United States President Joe Biden speaks about the situation in Afghanistan in the East Room of the White House in Washington DC on July 8, 2021.
Saul Loeb | AFP | Getty Images
WASHINGTON – President Joe Biden said the US military mission in Afghanistan would end by August 31, and urged the country’s leaders to “come together” to prevent civil war.
“We didn’t go to Afghanistan to build a nation,” Biden said in a statement in the White House on Thursday.
After 20 years of war, the ideal conditions that the USA once hoped for before the troops withdrew were not there.
“How many more, how many thousands of America’s daughters and sons are you willing to risk?” said Biden, who first announced the planned withdrawal of US forces in April. “How long should you stay?”

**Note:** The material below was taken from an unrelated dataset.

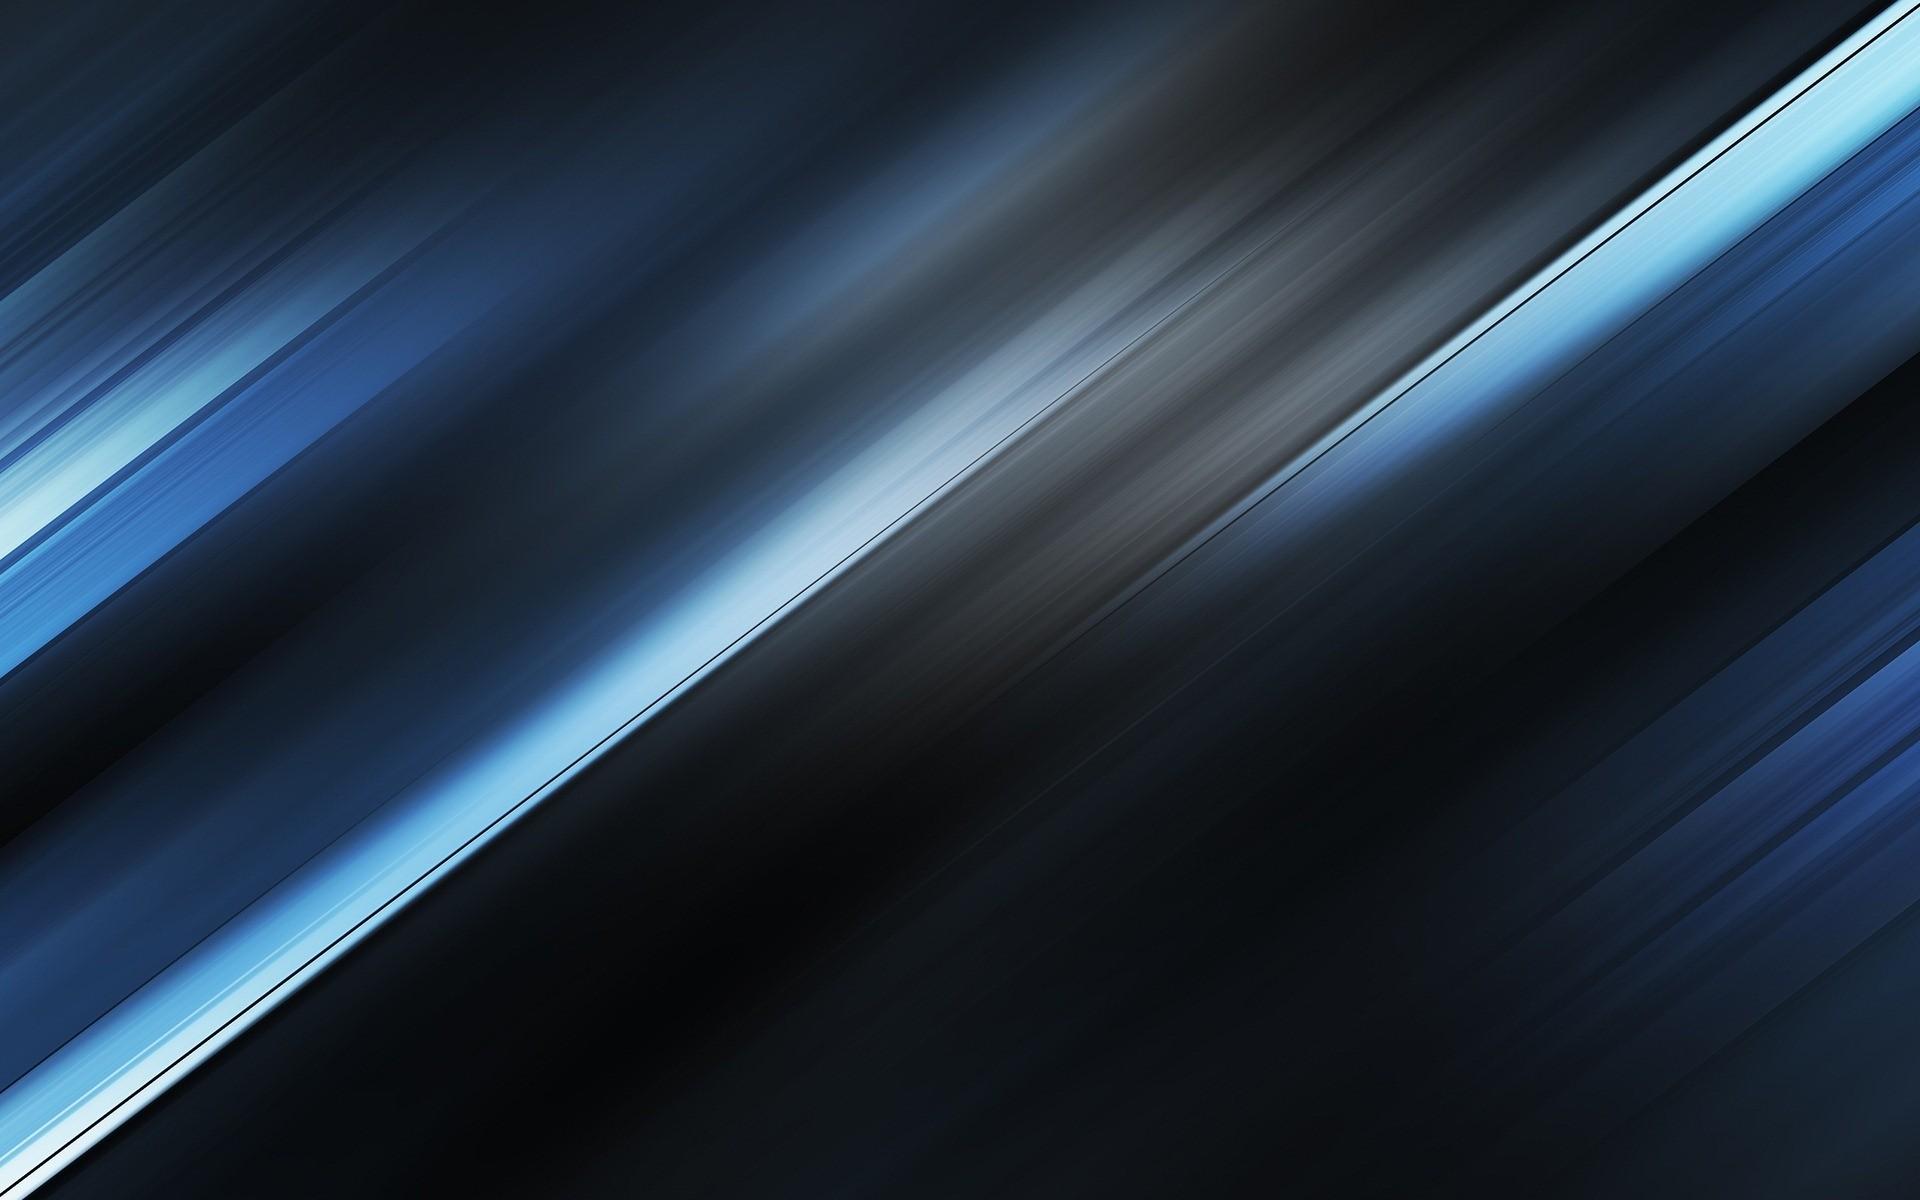 Abstract · Abstract Wallpaper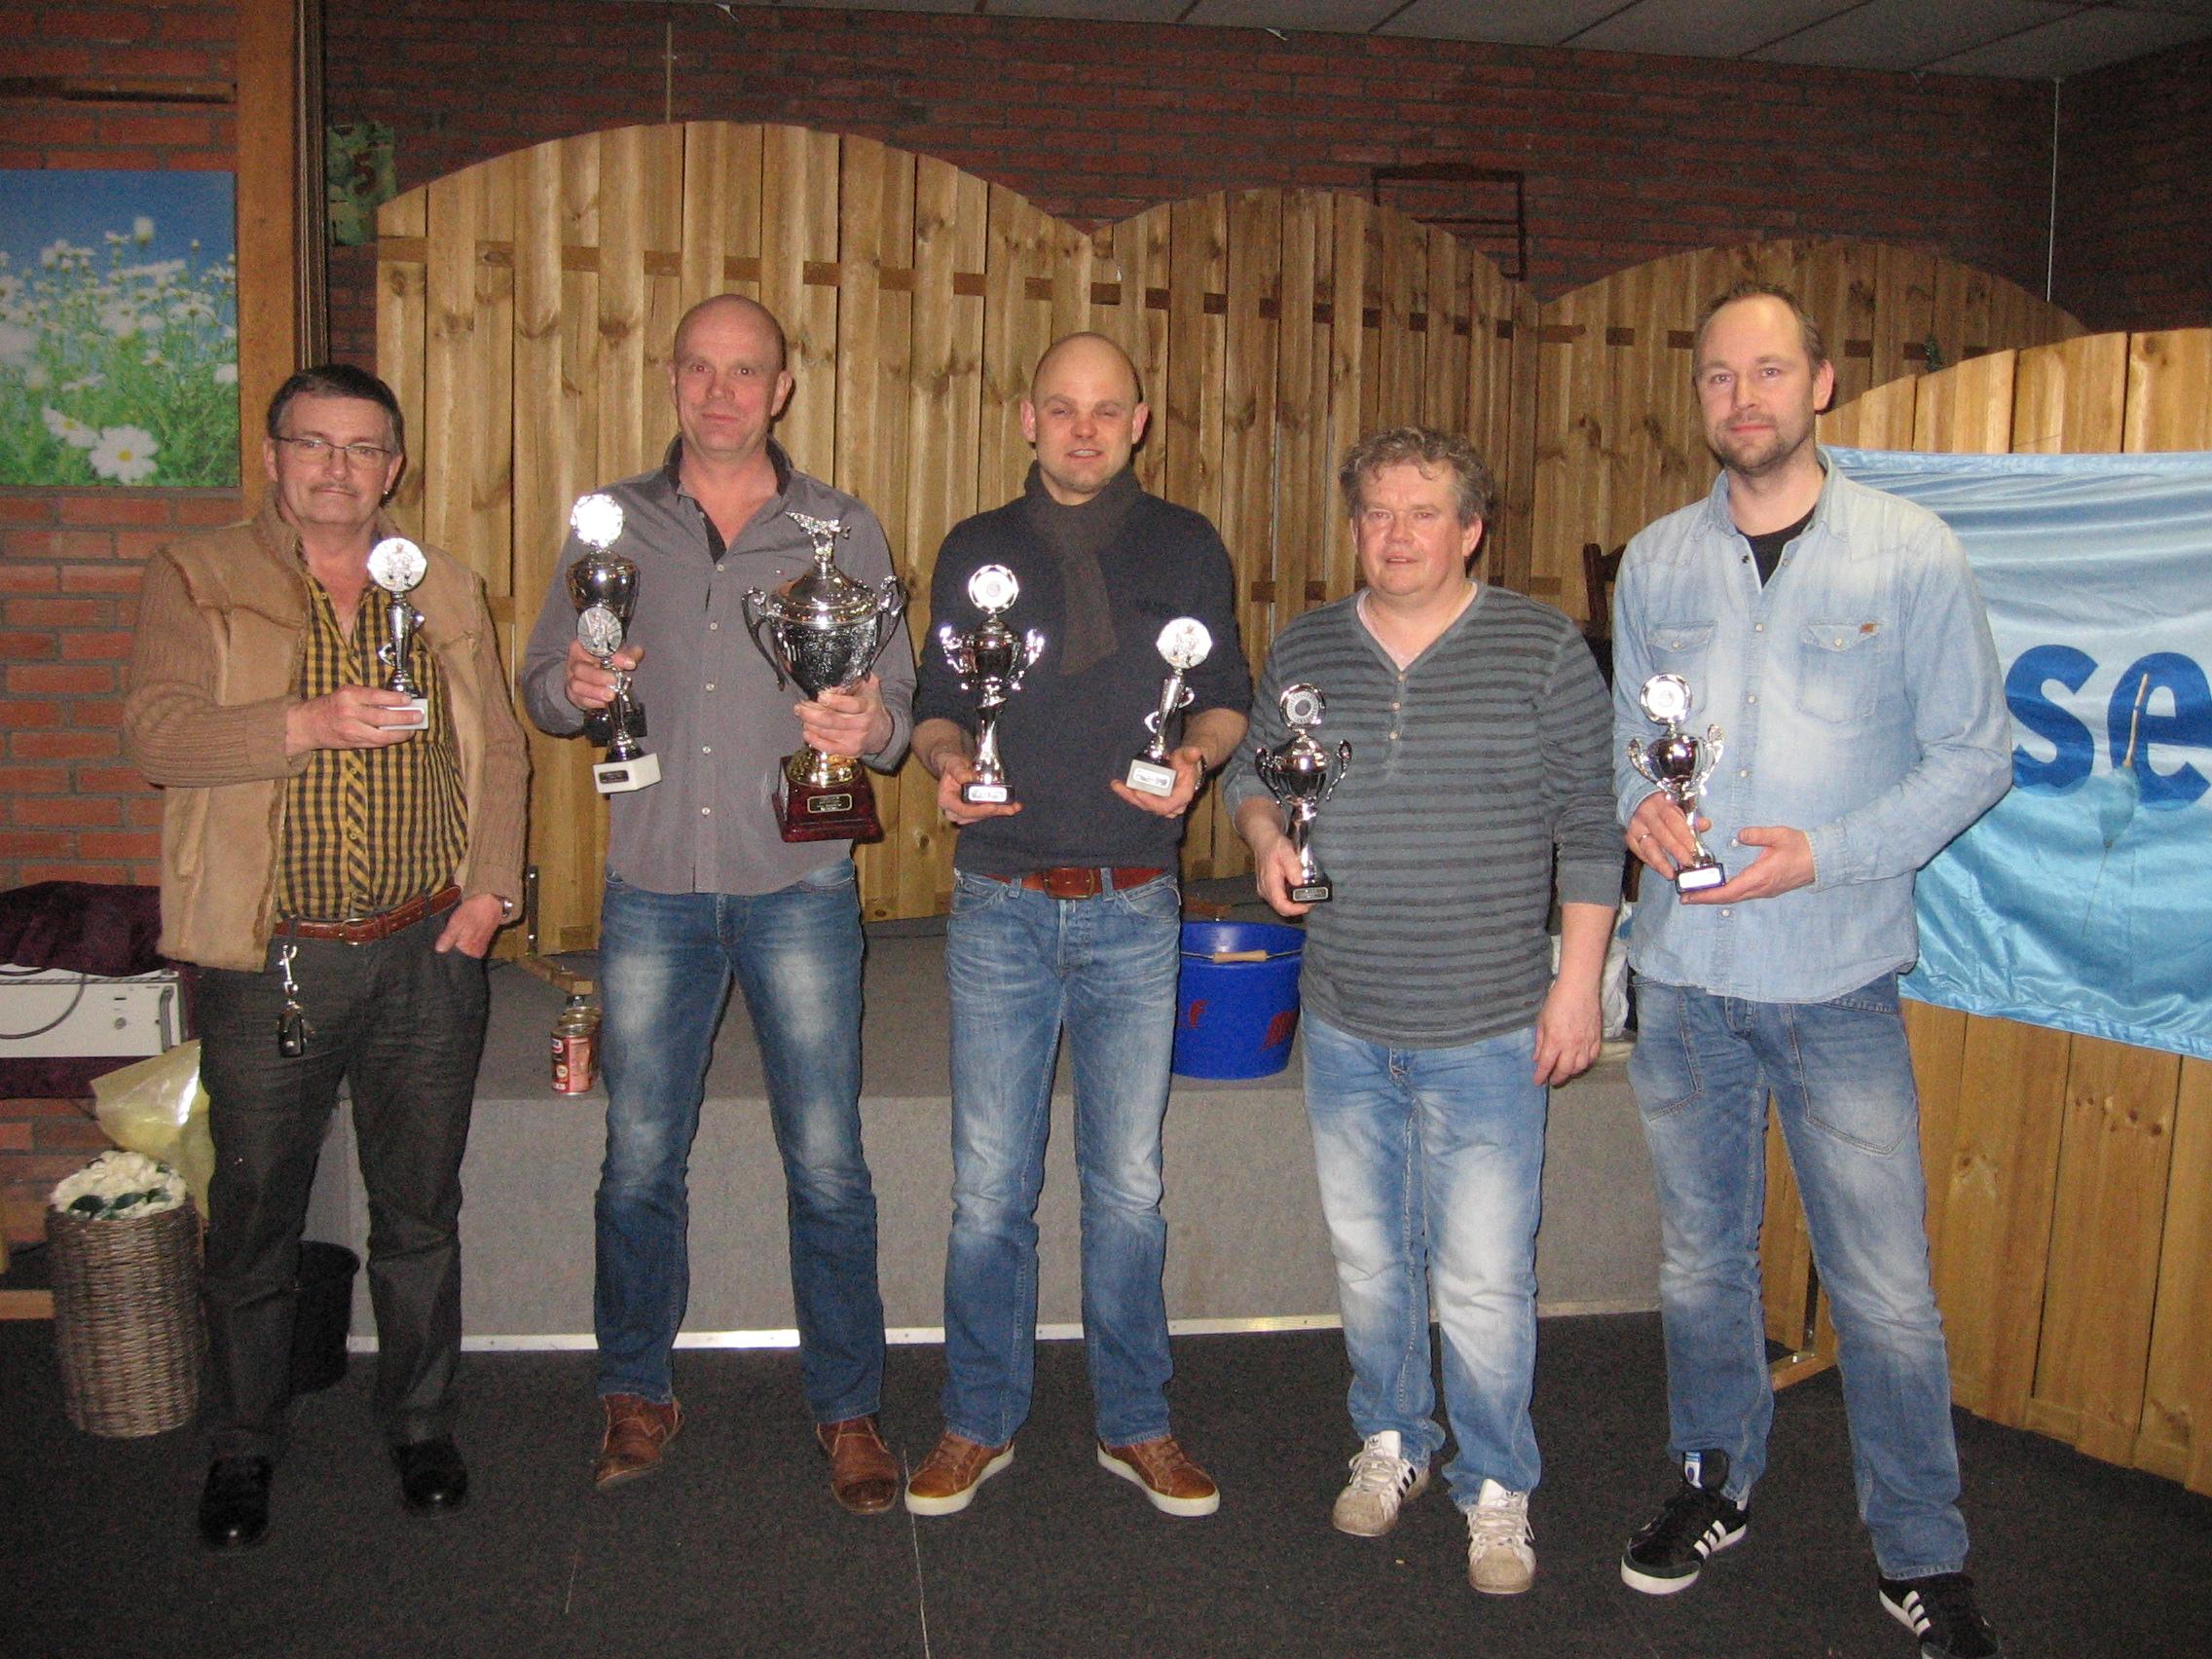 De prijswinnaars vlnr: D. van Dijk, R. Pijl, R. Veldman, T. Helmholt, B. Feenstra

“It is up to the Afghans to decide the future of their country,” said the president.
In April, the White House confirmed that US forces had initiated the Herculean process of withdrawal from Afghanistan. On Tuesday, the Pentagon said it had completed more than 90% of the effort.
The update from US Central Command, which oversees America’s military presence from northeast Africa to South Asia, came about two months ahead of the deadline Biden set earlier this year.
The removal of approximately 3,000 US soldiers coincides with the 20th anniversary of the September 11th terrorist attacks that spurred America’s entry into protracted wars in the Middle East and Central Asia.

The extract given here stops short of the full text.